Requesting a certificate for zagz.com from Let's Encrypt ..
.. request failed : Web-based validation failed : Failed to request certificate :
zagz.com challenge did not pass: dns :: DNS problem: query timed out looking up A for zagz.com
DNS-based validation failed : Failed to request certificate :
zagz.com challenge did not pass: DNS problem: SERVFAIL looking up TXT for _acme-challenge.zagz.com
$ dig A zagz.com @ns1.zagz.com

; <<>> DiG 9.10.6 <<>> A zagz.com @ns1.zagz.com
;; global options: +cmd
;; Got answer:
;; ->>HEADER<<- opcode: QUERY, status: NOERROR, id: 46174
;; flags: qr aa rd; QUERY: 1, ANSWER: 1, AUTHORITY: 4, ADDITIONAL: 5
;; WARNING: recursion requested but not available

;; OPT PSEUDOSECTION:
; EDNS: version: 0, flags:; udp: 4096
;; QUESTION SECTION:
;zagz.com. IN A

;; ANSWER SECTION:
zagz.com. 60 IN A 107.174.101.239

;; AUTHORITY SECTION:
zagz.com. 60 IN NS ns1.zagz.com.
zagz.com. 60 IN NS ns4.zagz.com.
zagz.com. 60 IN NS ns3.zagz.com.
zagz.com. 60 IN NS ns2.zagz.com.

;; ADDITIONAL SECTION:
ns1.zagz.com. 60 IN A 107.174.101.239
ns2.zagz.com. 60 IN A 165.22.165.151
ns3.zagz.com. 60 IN A 198.46.129.251
ns4.zagz.com. 60 IN A 107.172.94.45

;; Query time: 334 msec
;; SERVER: 107.174.101.239#53(107.174.101.239)
;; WHEN: Thu Aug 22 16:26:32 AEST 2019
;; MSG SIZEĀ  rcvd: 189
$ dig TXT _acme-challenge.zagz.com

; <<>> DiG 9.10.6 <<>> TXT _acme-challenge.zagz.com
;; global options: +cmd
;; Got answer:
;; ->>HEADER<<- opcode: QUERY, status: NOERROR, id: 4787
;; flags: qr rd ra; QUERY: 1, ANSWER: 1, AUTHORITY: 0, ADDITIONAL: 1

;; OPT PSEUDOSECTION:
; EDNS: version: 0, flags:; udp: 512
;; QUESTION SECTION:
;_acme-challenge.zagz.com.
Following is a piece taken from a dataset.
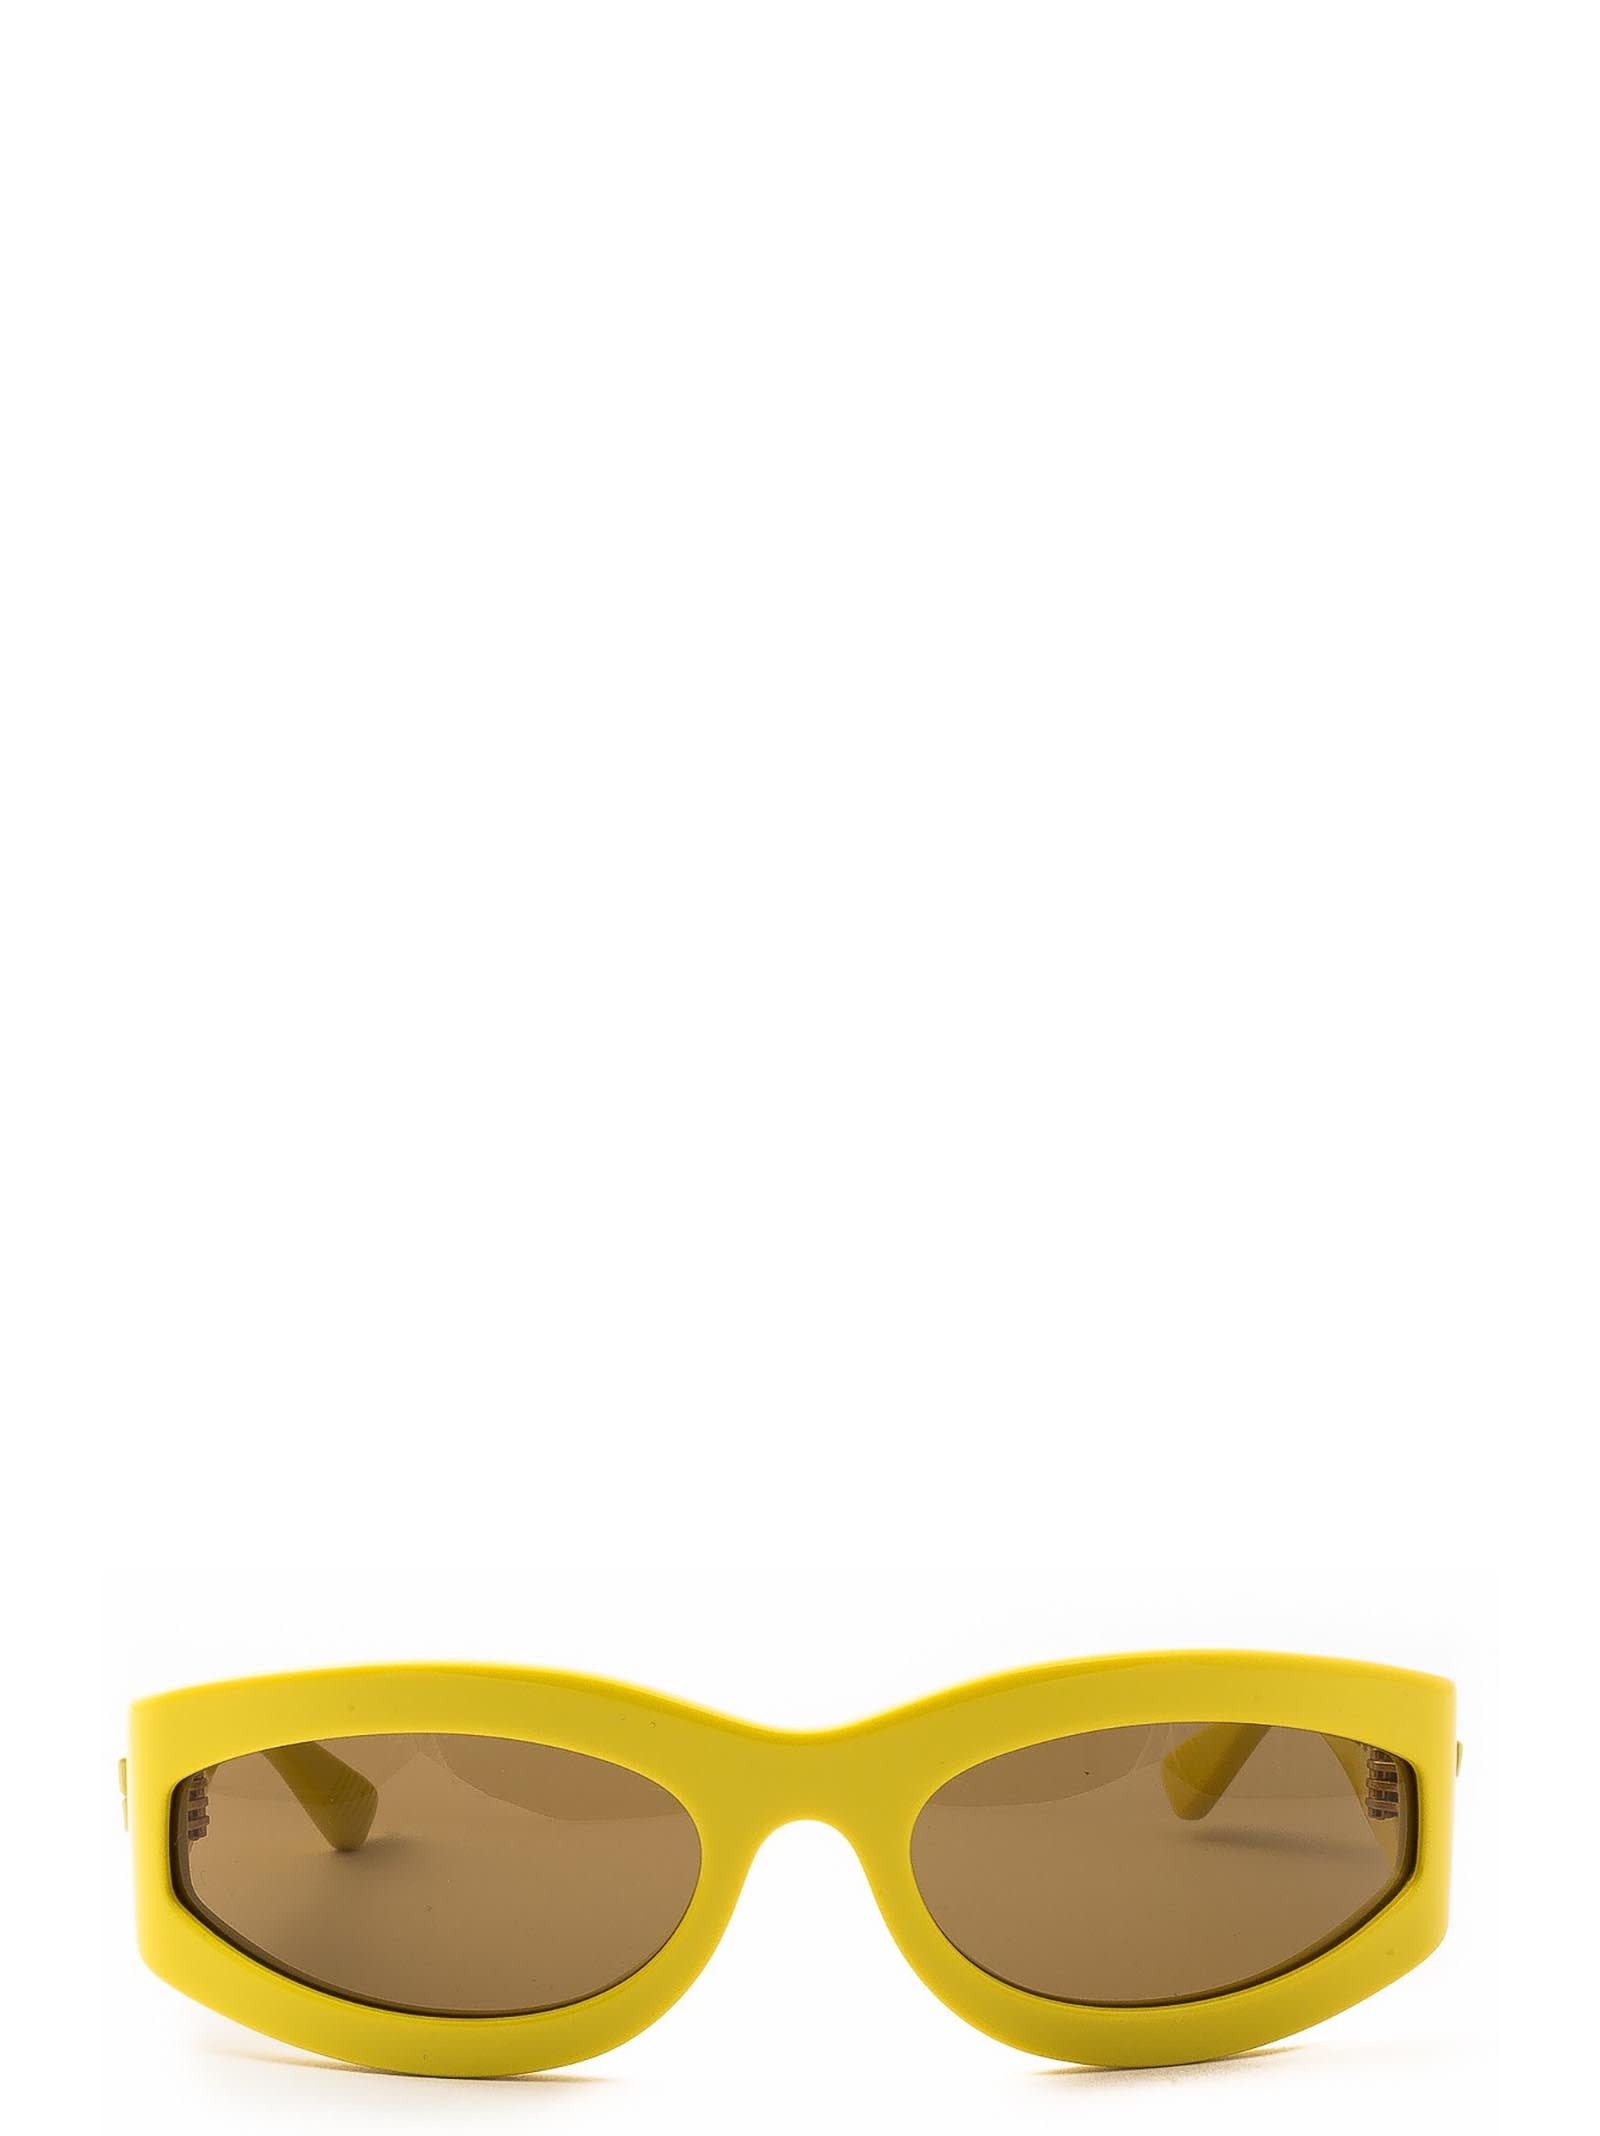 Bottega Veneta Bottega Veneta Bv1089s Yellow Sunglasses

IN TXT

;; ANSWER SECTION:
_acme-challenge.zagz.com. 5 IN TXT "S2nPWyirMrx--JvuhXii1JM9EuvvoD-u7QOcDAjFWLI"

;; Query time: 252 msec
;; SERVER: 192.168.15.1#53(192.168.15.1)
;; WHEN: Thu Aug 22 16:28:46 AEST 2019
;; MSG SIZEĀ  rcvd: 109
# grep known /var/log/virtualmin/ravioli.zagz.com_access_log
107.174.101.239 - - [21/Aug/2019:03:50:56 -0400] "GET /.well-known/acme-challenge/tblBjtLhoSV9sgAgDcnDkrXSSvew-XltlGpQUZg-b5k HTTP/1.1" 200 301 "-" "Python-urllib/2.7"
107.174.101.239 - - [21/Aug/2019:04:04:12 -0400] "GET /.well-known/acme-challenge/lsQuJ9uAlCiu753KWMZ7z1yUEeoPb5StHpcjRweVSzo HTTP/1.1" 200 301 "-" "Python-urllib/2.7"
107.174.101.239 - - [21/Aug/2019:12:38:06 -0400] "GET /.well-known/acme-challenge/nyOpxT1zSPDWU-2TeJByhHMVe5S8rJhBPE6m2WB0bXI HTTP/1.1" 200 301 "-" "Python-urllib/2.7"
# grep known /var/log/virtualmin/zagz.com_access_log
107.174.101.239 - - [21/Aug/2019:09:13:07 -0400] "GET /.well-known/acme-challenge/BgbU5yy4wMjUDkK6cDrUozLJBWSbUN-TjfeV7_DfHys HTTP/1.1" 301 573 "-" "Python-urllib/2.7"
107.174.101.239 - - [21/Aug/2019:10:18:06 -0400] "GET /.well-known/acme-challenge/02rl4WNhsAdC-3L7xcc0r9XYmyP46N6Eo6M6BVSSB5k HTTP/1.1" 301 573 "-" "Python-urllib/2.7"
107.174.101.239 - - [21/Aug/2019:10:29:18 -0400] "GET /.well-known/acme-challenge/mqlVxiz9al_klCp4CKWHyoCRfqVpuZP70hwsxUSashU HTTP/1.1" 301 573 "-" "Python-urllib/2.7"
107.174.101.239 - - [21/Aug/2019:11:23:09 -0400] "GET /.well-known/acme-challenge/TK_vUcZxlAQDdZxP8JCeMPv0_rxEM_x9_RBHldH9s_Q HTTP/1.1" 301 573 "-" "Python-urllib/2.7"
107.174.101.239 - - [21/Aug/2019:12:28:05 -0400] "GET /.well-known/acme-challenge/wLX3z3ALnDzvg004Aaa8ZCy0UtJA6SgkLIdjSYyu0RM HTTP/1.1" 301 573 "-" "Python-urllib/2.7"
107.174.101.239 - - [21/Aug/2019:13:33:09 -0400] "GET /.well-known/acme-challenge/5lDzC03JL20aZlN7ydxwezP7_vVjtoWnAeyHIQeAp_Q HTTP/1.1" 301 573 "-" "Python-urllib/2.7"
107.174.101.239 - - [21/Aug/2019:14:38:12 -0400] "GET /.well-known/acme-challenge/Q0Co3x6tF08A0Y8e7nePNKwBw7iJwROMBgFsLAz5f0k HTTP/1.1" 301 573 "-" "Python-urllib/2.7"
107.174.101.239 - - [21/Aug/2019:15:43:05 -0400] "GET /.well-known/acme-challenge/tbogdWxj3l5D4NmqNoyMIBWpyDDo-4ZbdVDl11Bi_ho HTTP/1.1" 301 573 "-" "Python-urllib/2.7"
107.174.101.239 - - [21/Aug/2019:16:48:08 -0400] "GET /.well-known/acme-challenge/_NpRqw23FGg0tJuPmtZu_se0wKA6a9YSkAPZe5SeS-g HTTP/1.1" 301 573 "-" "Python-urllib/2.7"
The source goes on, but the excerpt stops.